*Problem requirements*
Pictures in the listing below are skipped, while the lines from the "Jeremy Jones' Higher EP7 Nepal" line through the "Detroit Pistons Basketball Phone" line are returned word for word.

[[ Extracted material open ]]

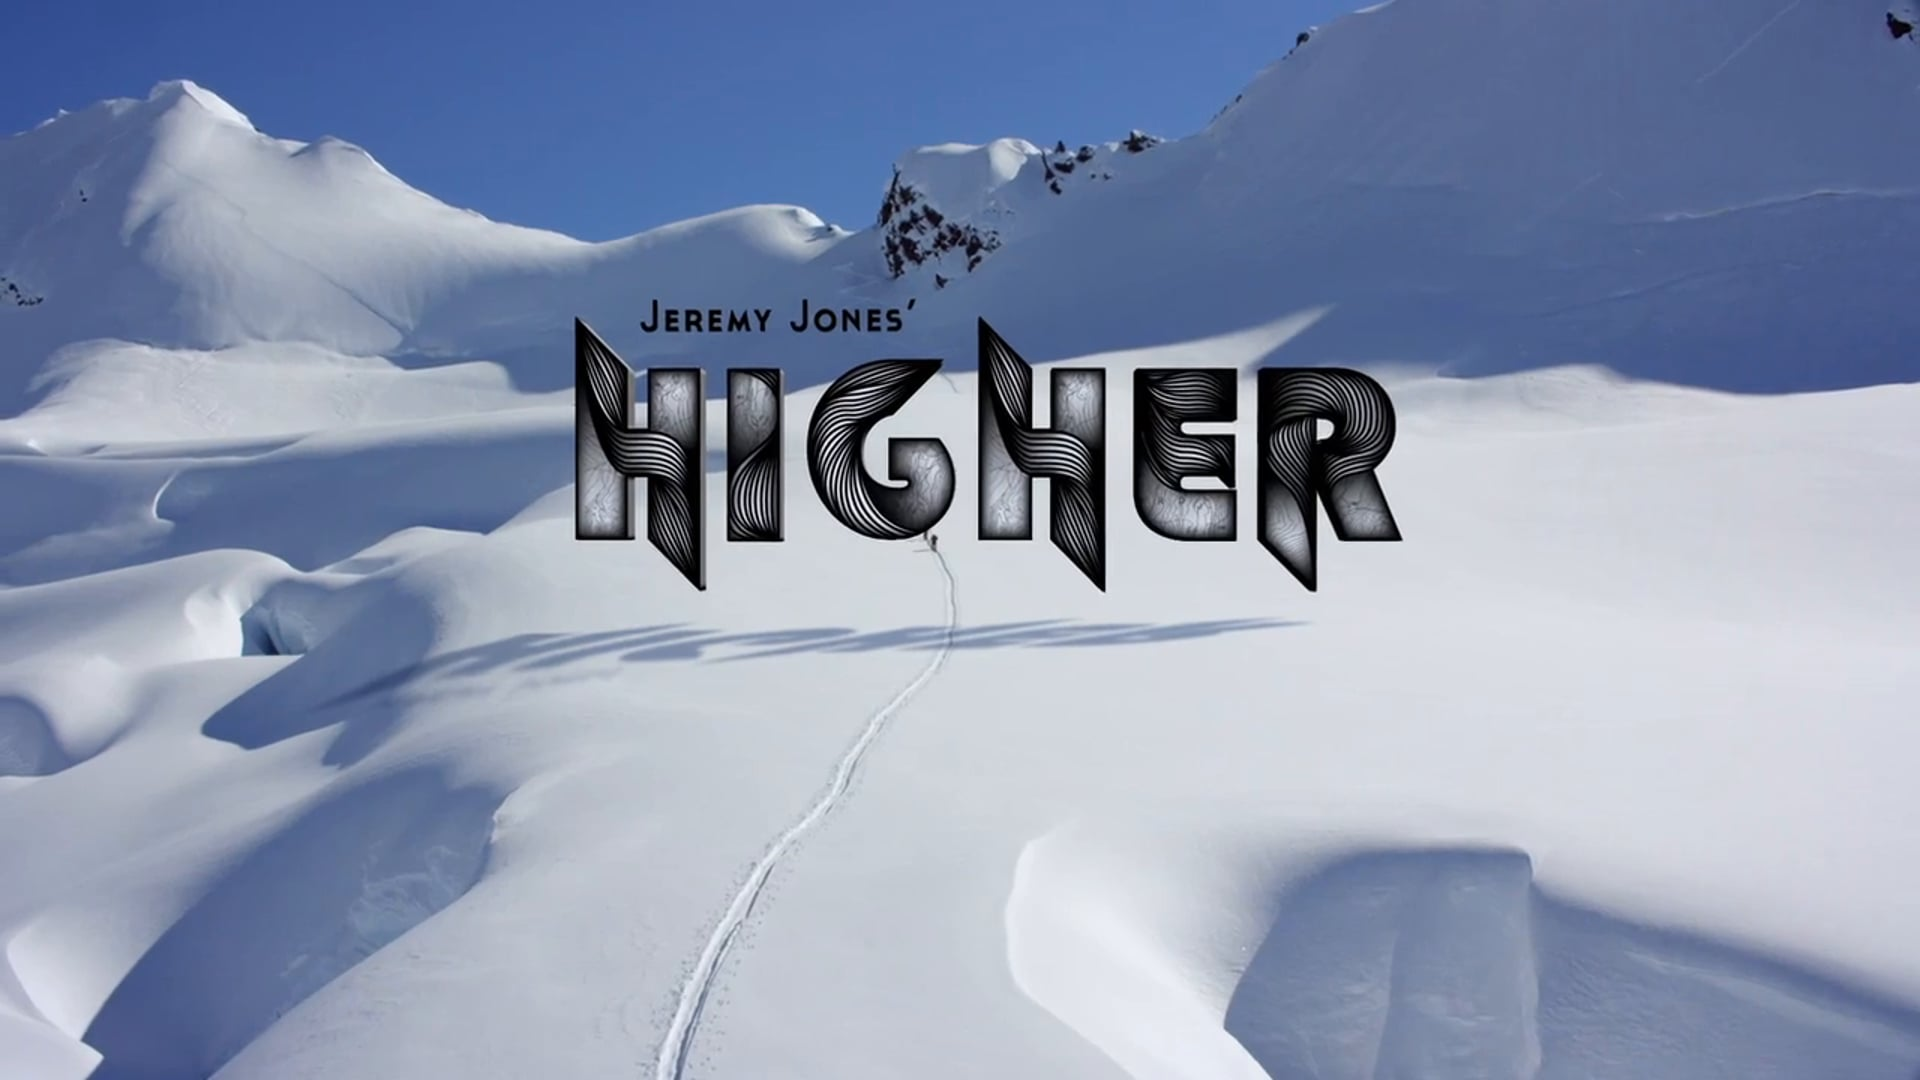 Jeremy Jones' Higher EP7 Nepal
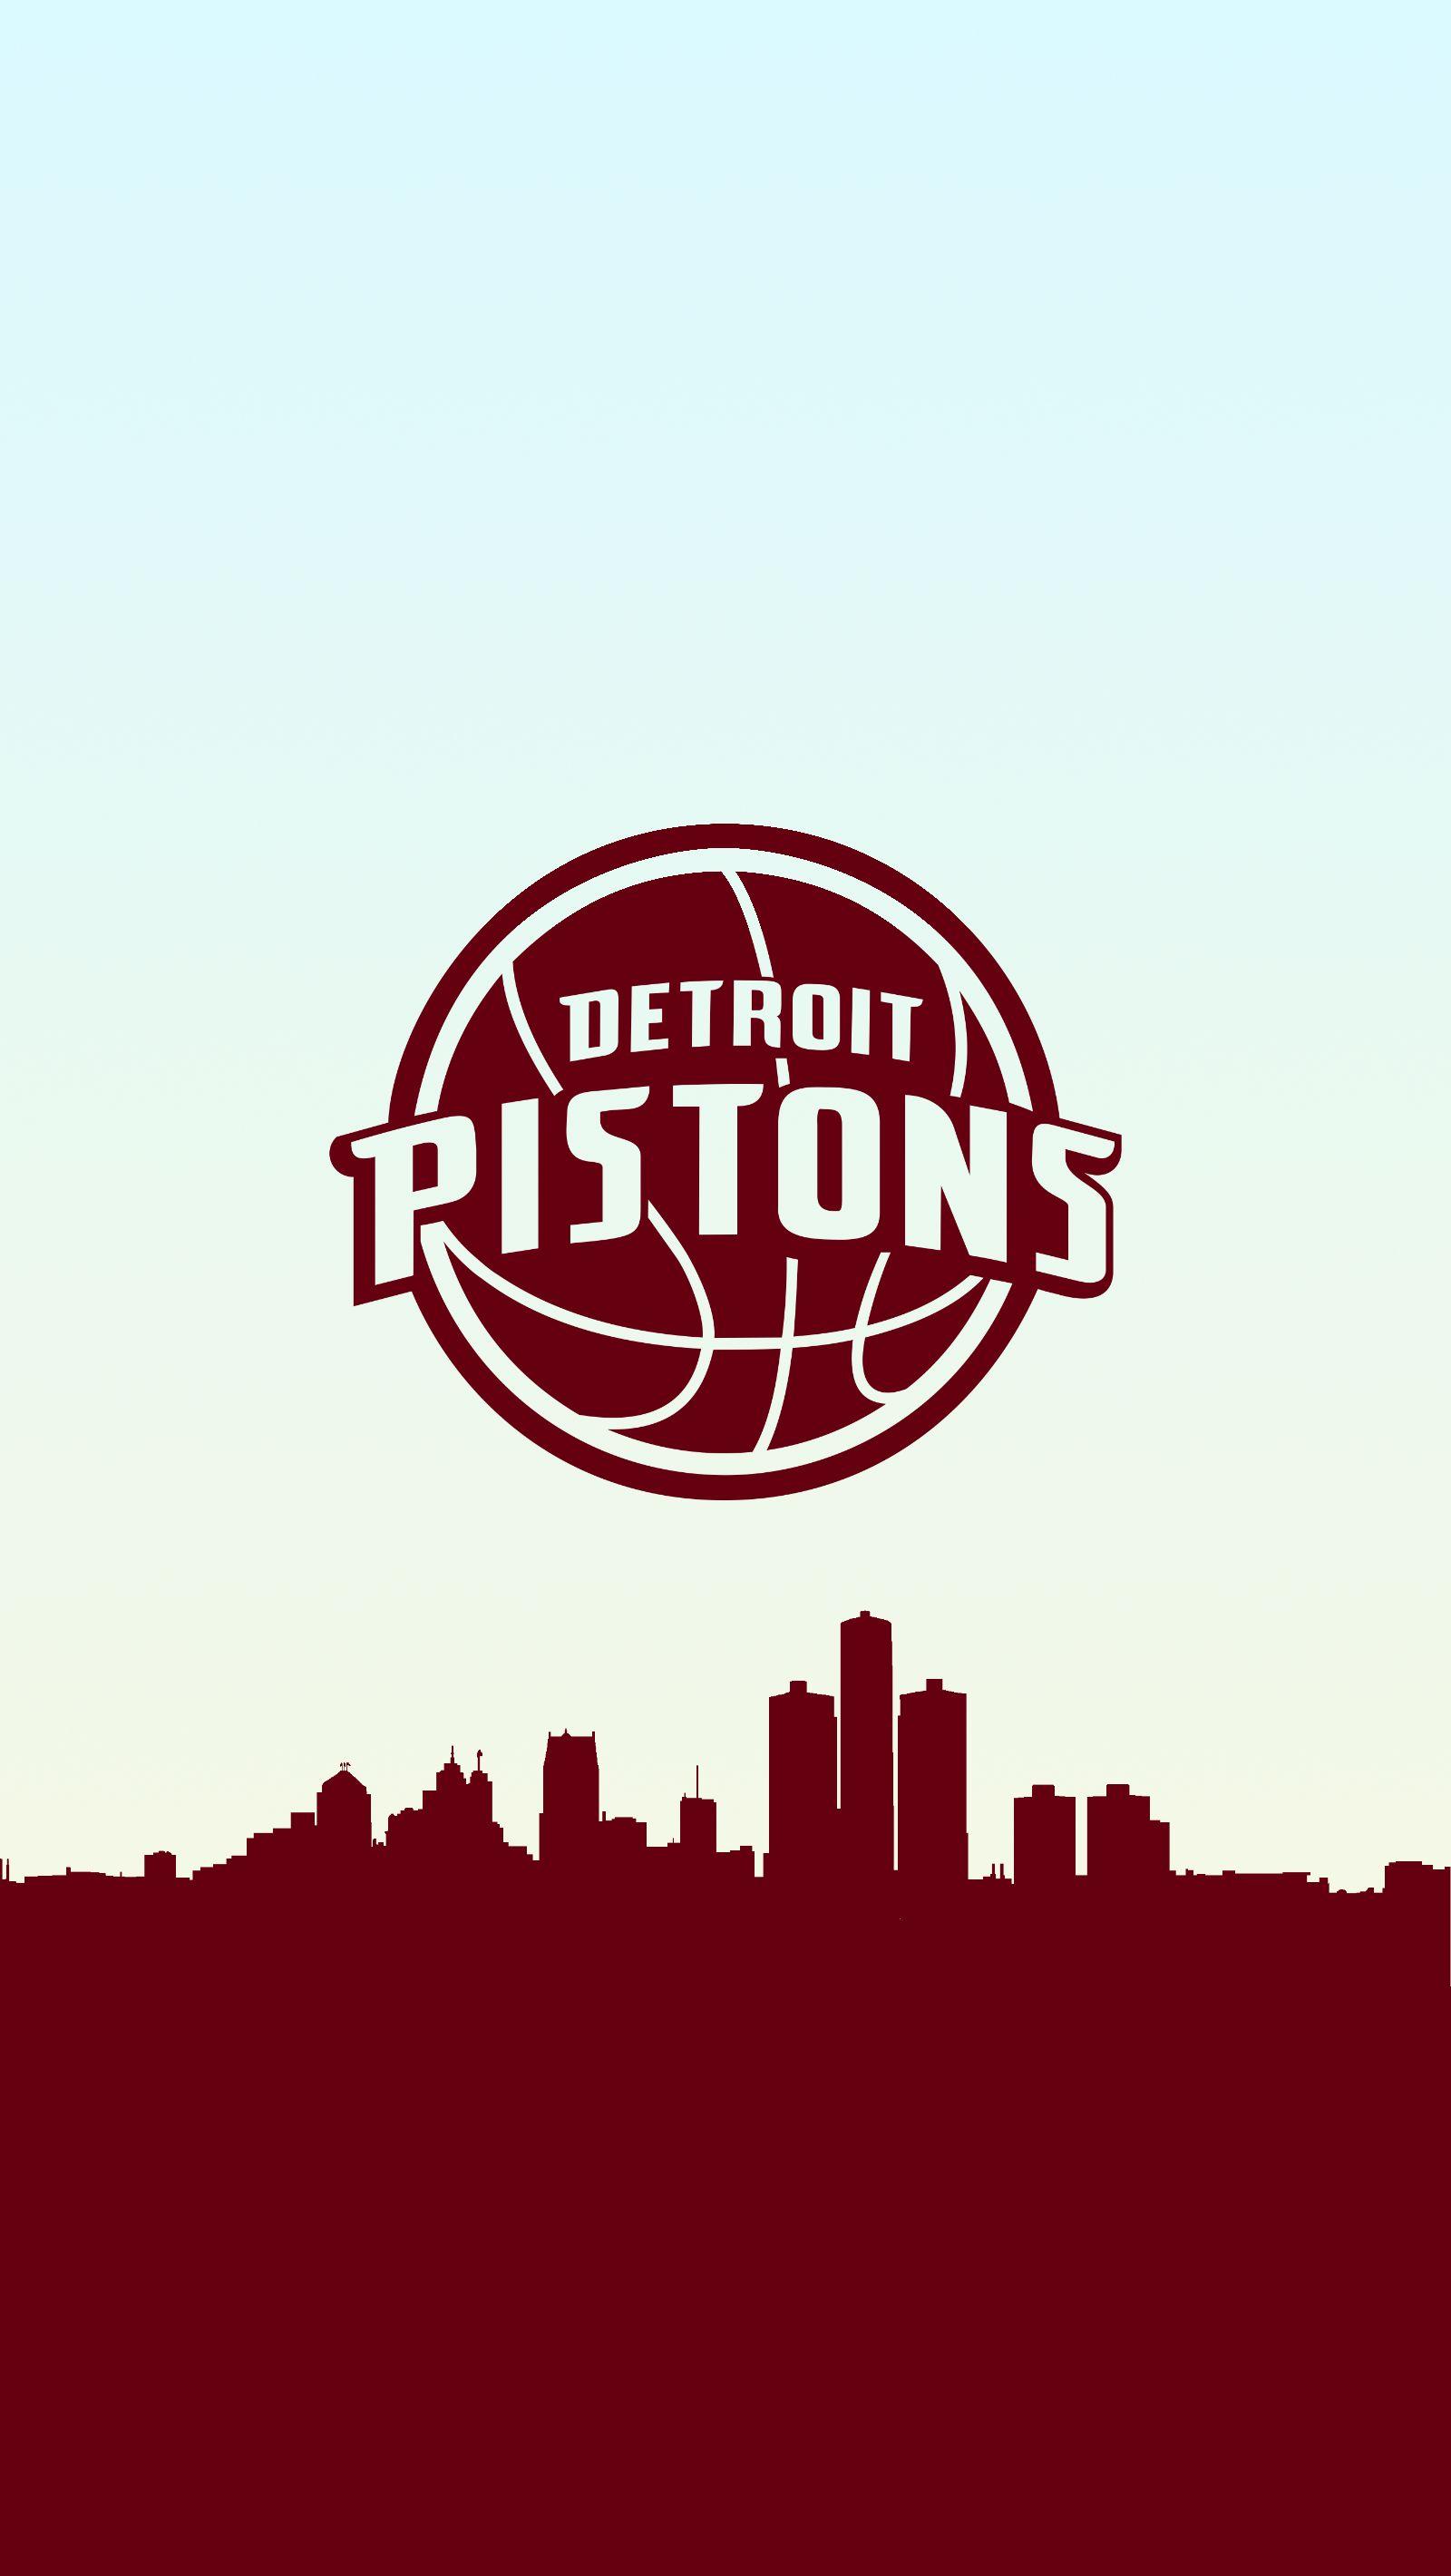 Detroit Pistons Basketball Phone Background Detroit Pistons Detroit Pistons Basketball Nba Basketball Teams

[[ Extracted material closed ]]
[[ Extracted material open ]]

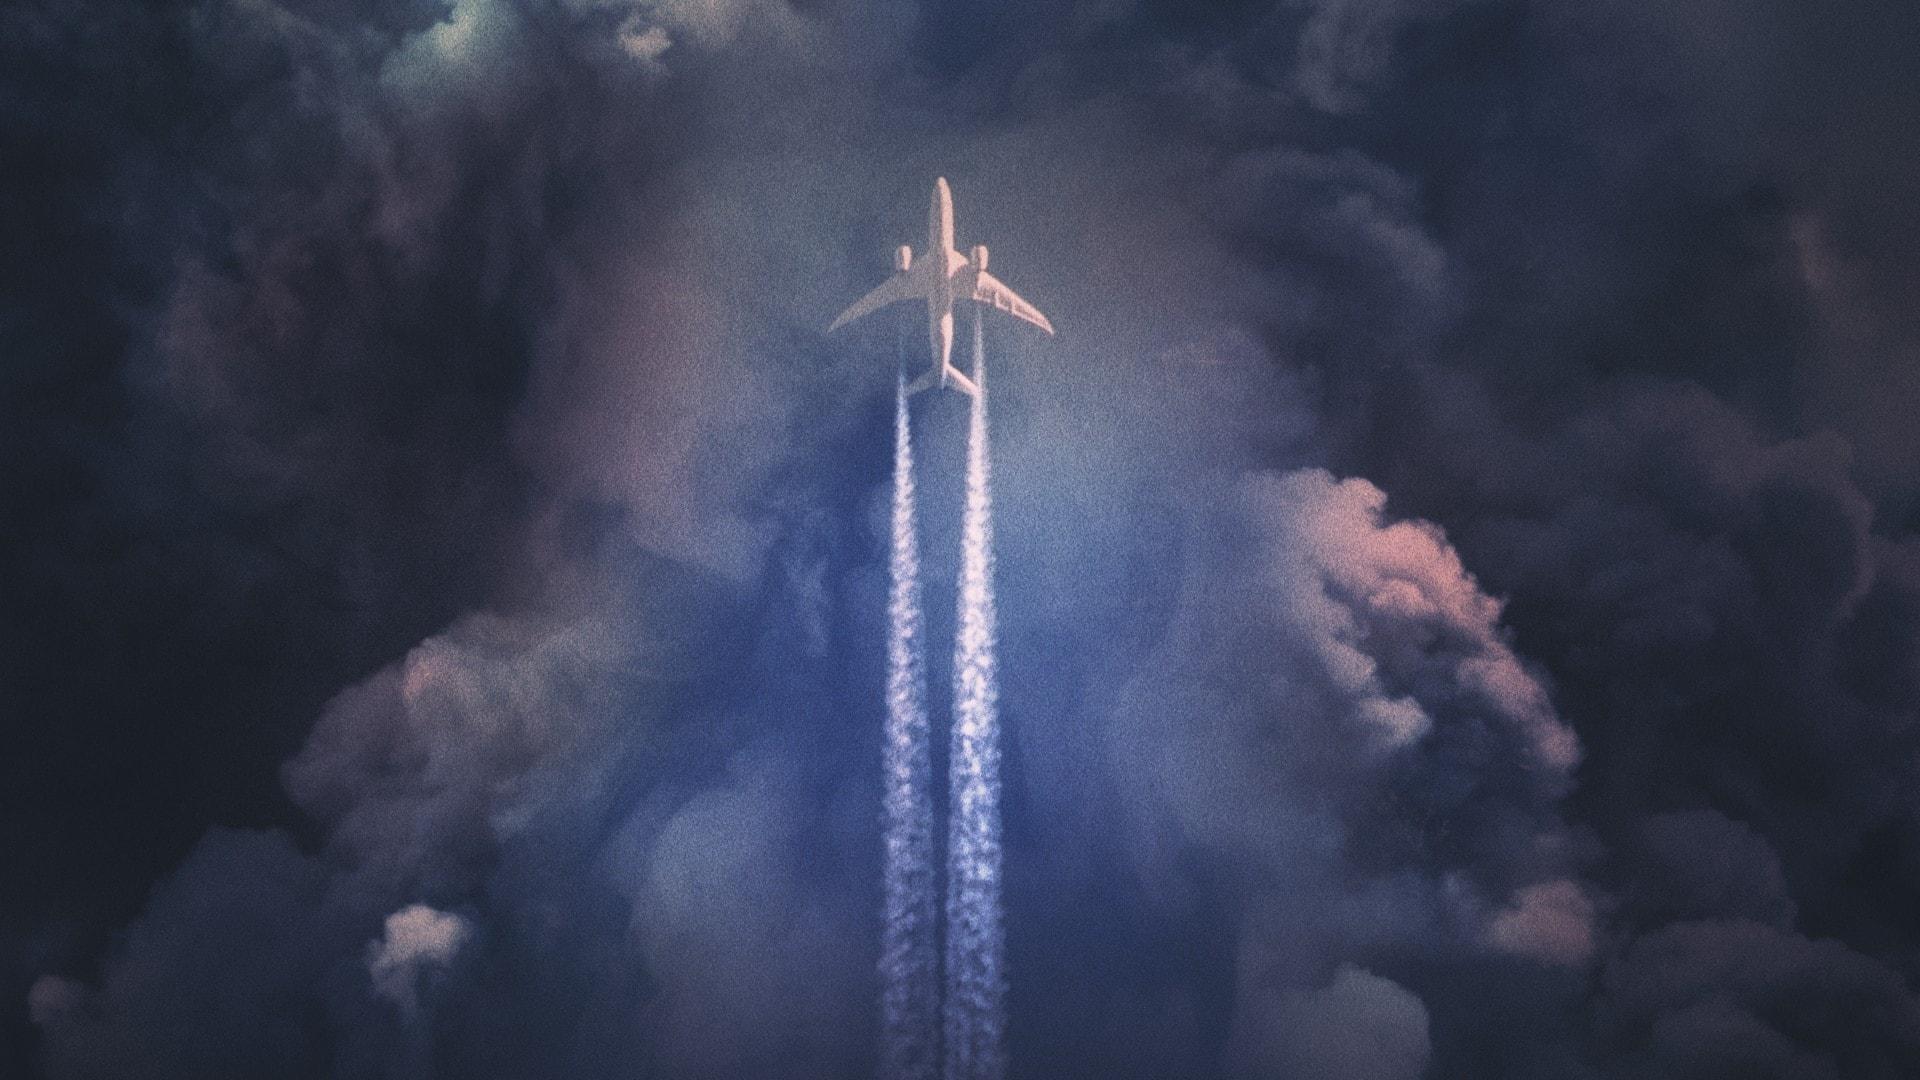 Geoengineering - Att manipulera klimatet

[[ Extracted material closed ]]

*Task output*
 Jeremy Jones' Higher EP7 Nepal
 Detroit Pistons Basketball Phone Background Detroit Pistons Detroit Pistons Basketball Nba Basketball Teams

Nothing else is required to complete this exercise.